Click here for the PhilPapers page.
Email me for a copy.
Causation Comes in Degrees (2022, Synthese)
Which country, politician, or policy is more of a cause of the Covid-19 pandemic death toll? Which of the two factories causally contributed more to the pollution of the nearby river? A wide-ranging portion of our everyday thought and talk, and attitudes rely on a graded notion of causation. However, it is sometimes highlighted that on most contemporary accounts, causation is on-off. Some philosophers further question the legitimacy of talk of degrees of causation and suggest that we avoid it. Some hold that the notion of degrees of causation is an illusion. In this paper, I’ll argue that causation does come in degrees.
Click here for the penultimate version of my paper.
Epistemic Injustice (2020)
Click here for my entry on epistemic injustice in 1000WordPhilosophy: An Introductory Anthology.

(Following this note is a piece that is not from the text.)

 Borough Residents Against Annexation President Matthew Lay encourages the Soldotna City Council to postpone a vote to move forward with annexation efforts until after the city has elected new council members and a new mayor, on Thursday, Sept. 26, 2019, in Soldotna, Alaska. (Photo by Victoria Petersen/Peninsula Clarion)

In my dissertation, I argue for responsibility internalism. That is, moral responsibility (i.e., accountability, or being blameworthy or praiseworthy) depends only on factors internal to agents. Employing this view, I also argue that no one is ever blameworthy for what AI does but this isn’t morally problematic in a way that counts against developing or using AI.
Here’s a brief overview of my arguments. Responsibility is grounded in three potential conditions: the control (or freedom) condition, the epistemic (or awareness) condition, and the causal responsibility condition (or consequences). I argue that causal responsibility is irrelevant for moral responsibility, and that the control condition and the epistemic condition depend only on factors internal to agents. Moreover, since what AI does is at best a consequence of our actions, and the consequences of our actions are irrelevant to our responsibility, no one is responsible for what AI does. That is, the so-called responsibility gap exits. However, I argue, this isn’t morally worrisome for developing or using AI. Below, I present summaries of each chapter of my dissertation.

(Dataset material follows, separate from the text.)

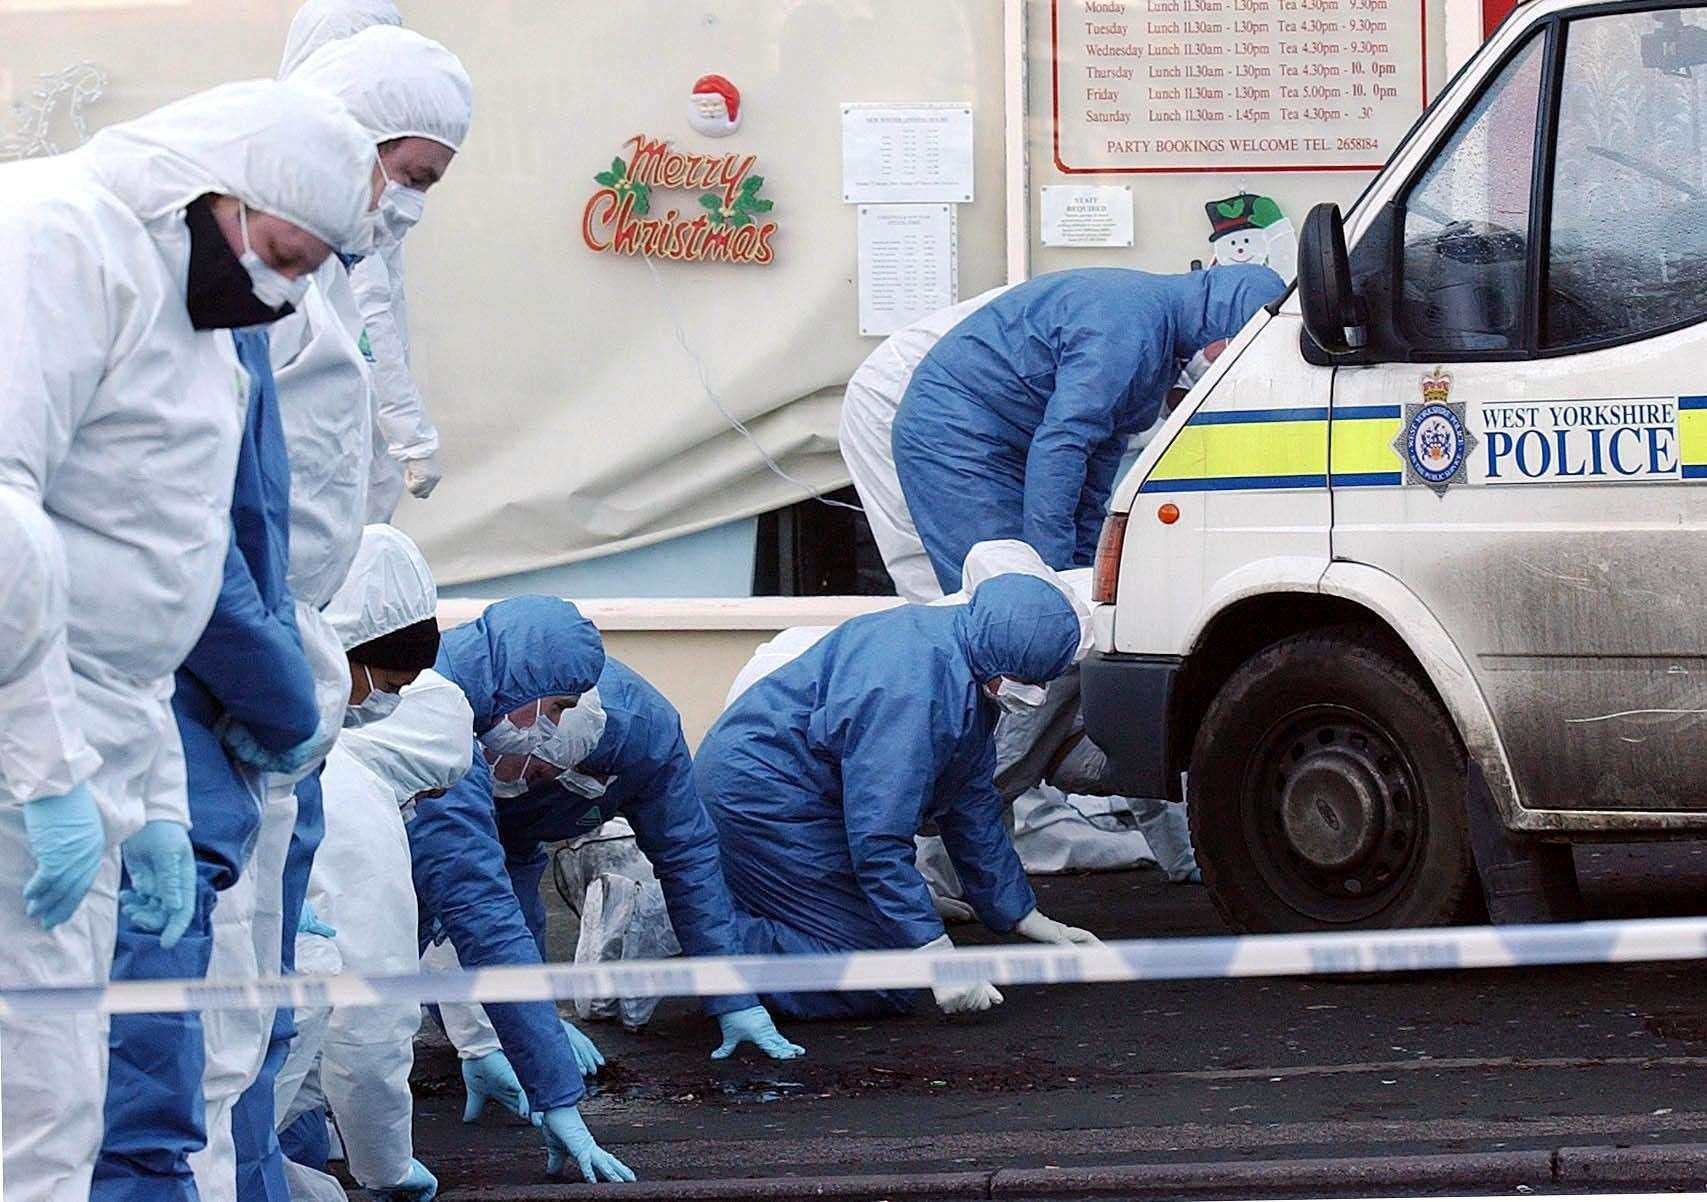 Forensic officers search the scene after the 2003 murder in Dib Lane, Leeds (John Giles/Archive/PA)

Some philosophers hold that, all else equal, one’s degree of moral responsibility is proportionate to one’s degree of causation (or causal contribution). Call this thesis Proportionality. If causation doesn’t come in degrees, Proportionality is false. So, in chapter one, I discuss whether causation comes in degrees. I argue that it does by showing that all the main objections against graded causation fail and that denying graded causation is theoretically too costly. This chapter of my dissertation has been published in Synthese.
In chapter two, I argue that Proportionality is false despite the fact that causation comes in degrees. To establish this, I employ six plausible criteria for measuring degrees of causation and show that Proportionality understood according to each of these criteria entails implausible results. I also show that there are other plausible theoretical options to account for the kind of cases that motivate Proportionality. This chapter of my dissertation has been published in The Southern Journal of Philosophy.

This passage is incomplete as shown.